__EXERCISE AIM__: Transcribe exactly the lines from the one containing "El presidente ruso" through the end of the data, both included. Leave out pictures.

Start of EXERCISE DATA

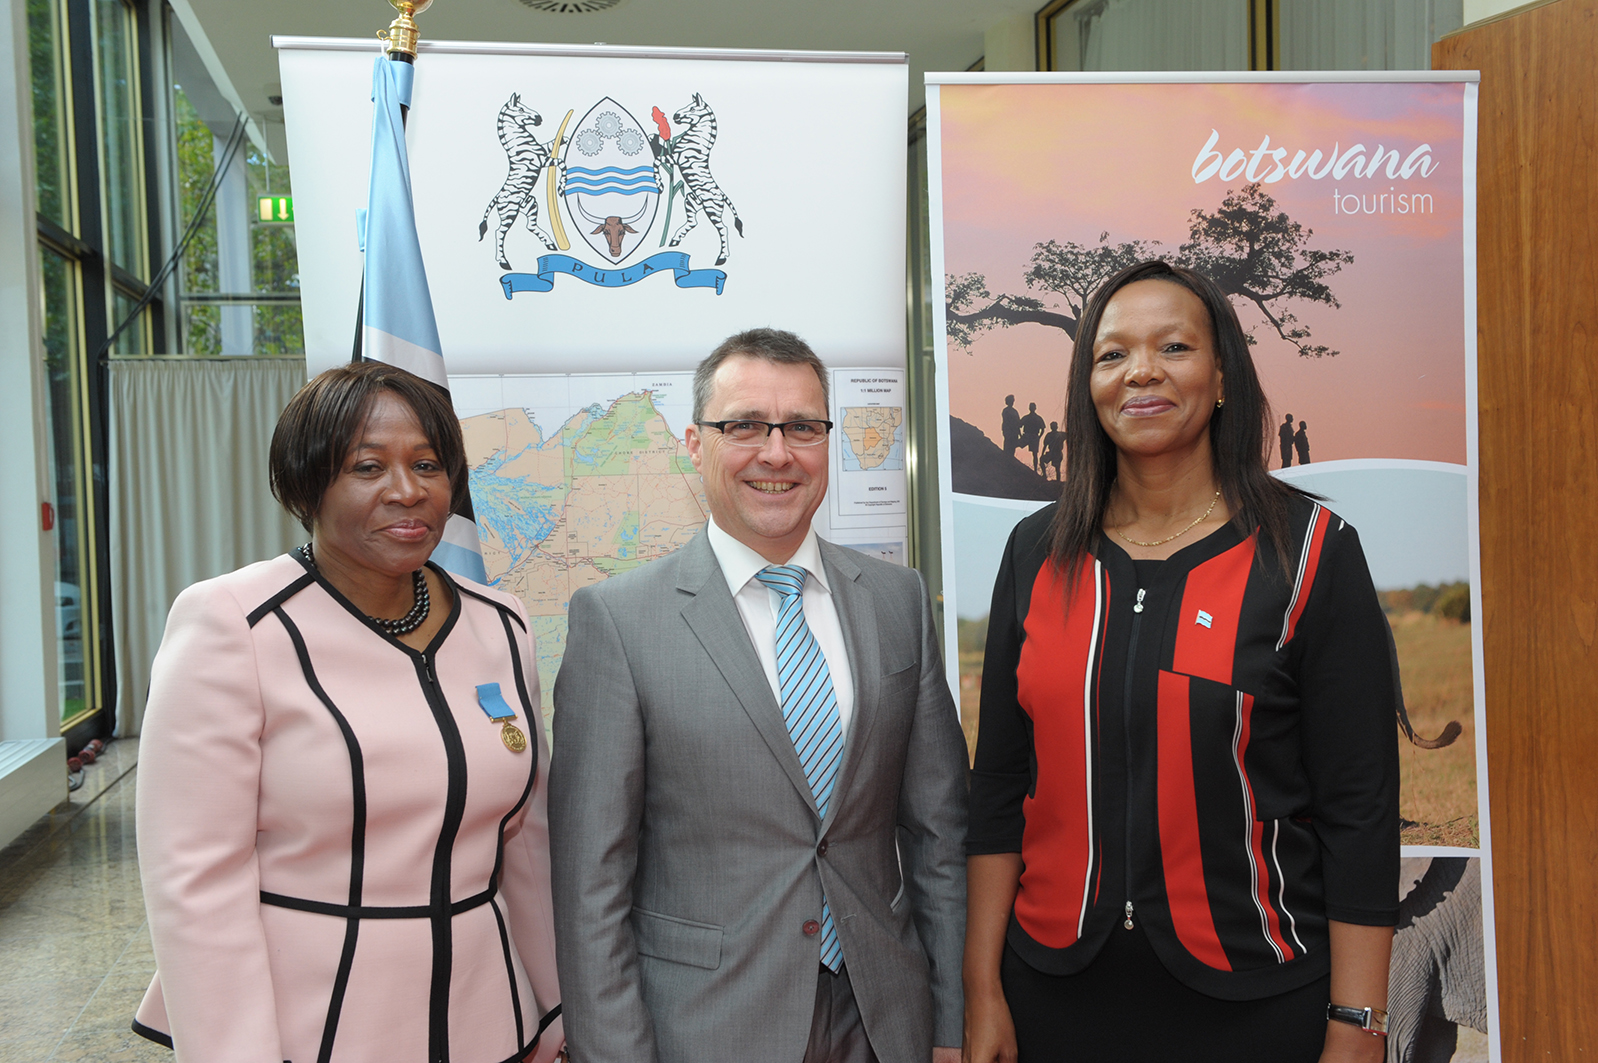 Embassy of Botswana – Botswana 49th Anniversary Celebration
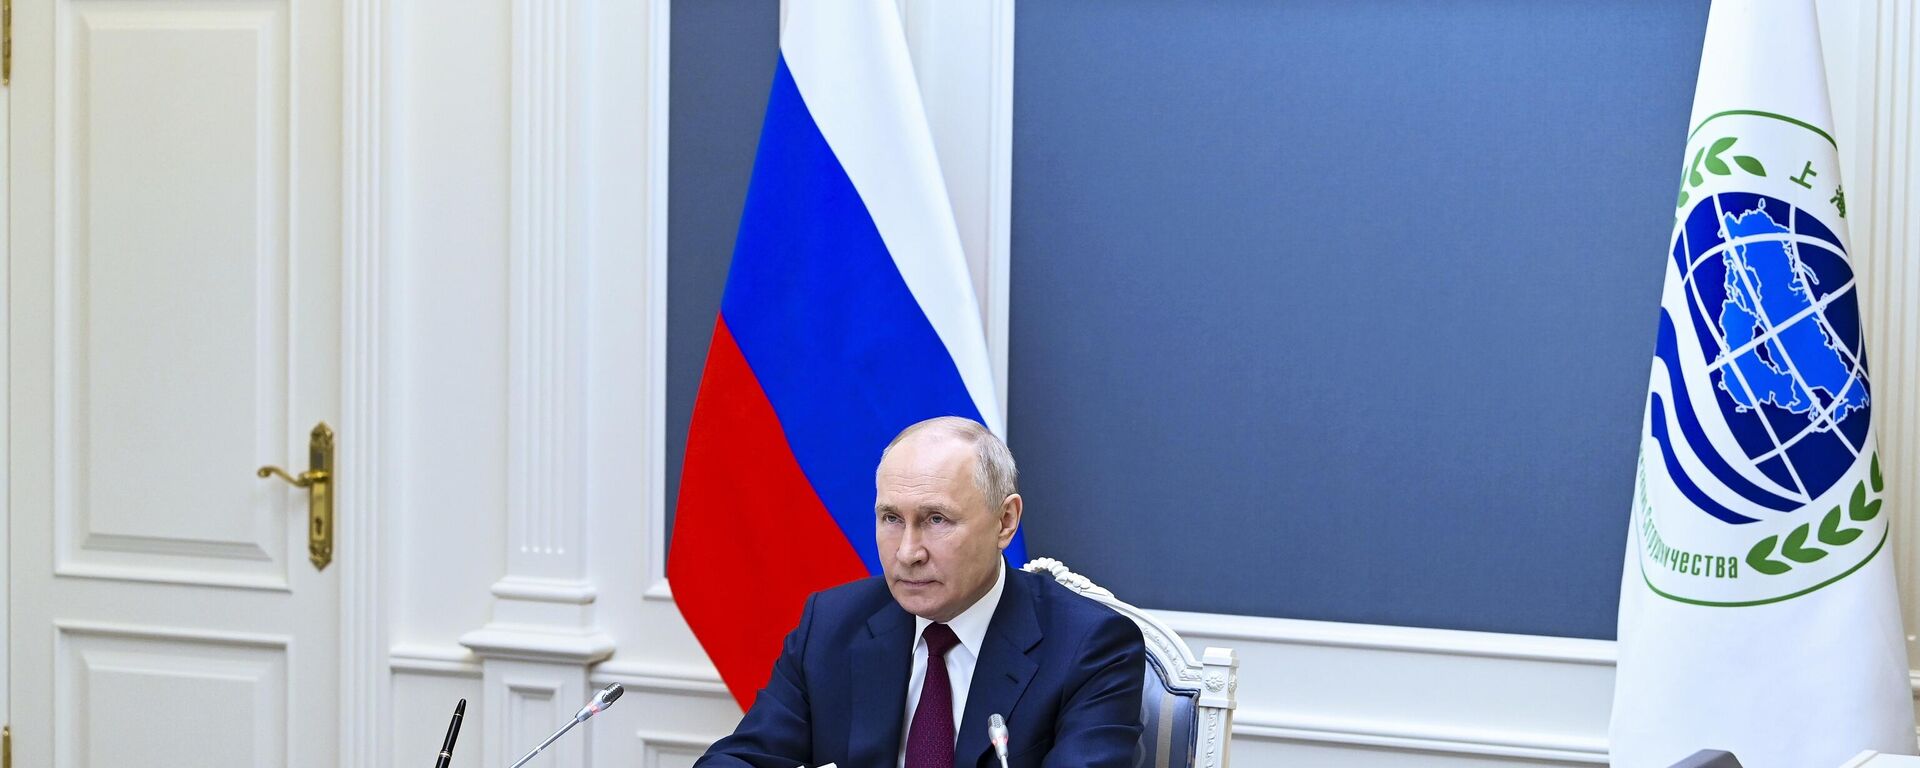 El presidente ruso Vladímir Putin participa de la última reunión de jefes de Estado de la Organización de Cooperación de Shanghai  - Sputnik Mundo, 1920, 05.07.2023
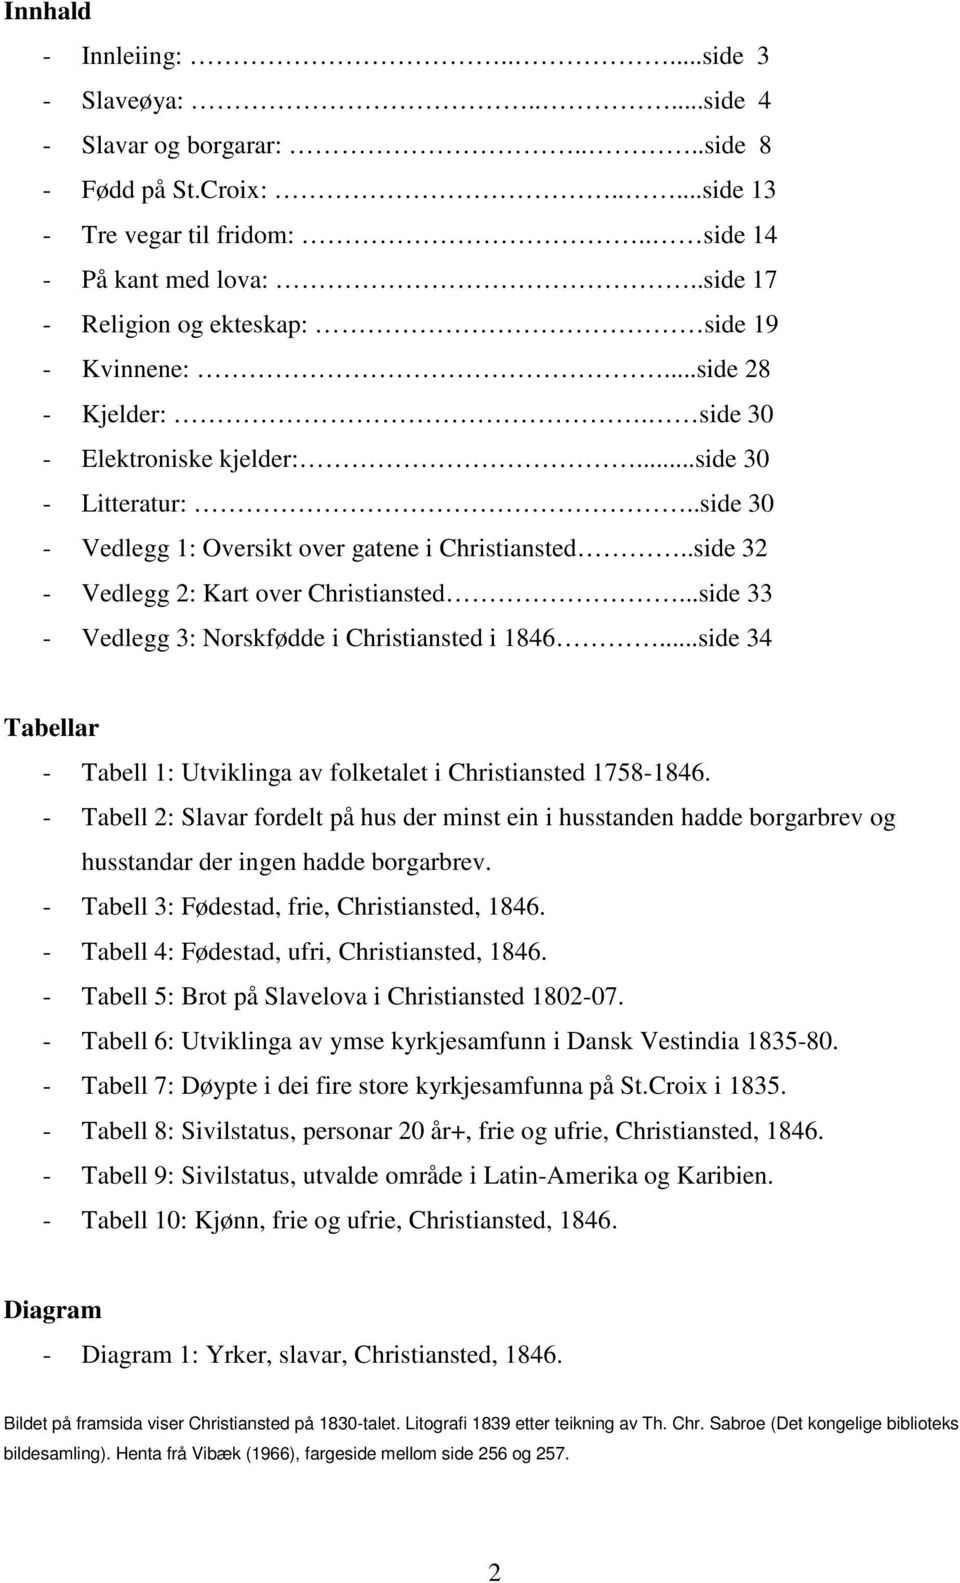 .side 32 - Vedlegg 2: Kart over Christiansted...side 33 - Vedlegg 3: Norskfødde i Christiansted i 1846...side 34 Tabellar - Tabell 1: Utviklinga av folketalet i Christiansted 1758-1846.

End of EXERCISE DATA

__ANSWER TO THE EXERCISE__:
 El presidente ruso Vladímir Putin participa de la última reunión de jefes de Estado de la Organización de Cooperación de Shanghai  - Sputnik Mundo, 1920, 05.07.2023
 .side 32 - Vedlegg 2: Kart over Christiansted...side 33 - Vedlegg 3: Norskfødde i Christiansted i 1846...side 34 Tabellar - Tabell 1: Utviklinga av folketalet i Christiansted 1758-1846.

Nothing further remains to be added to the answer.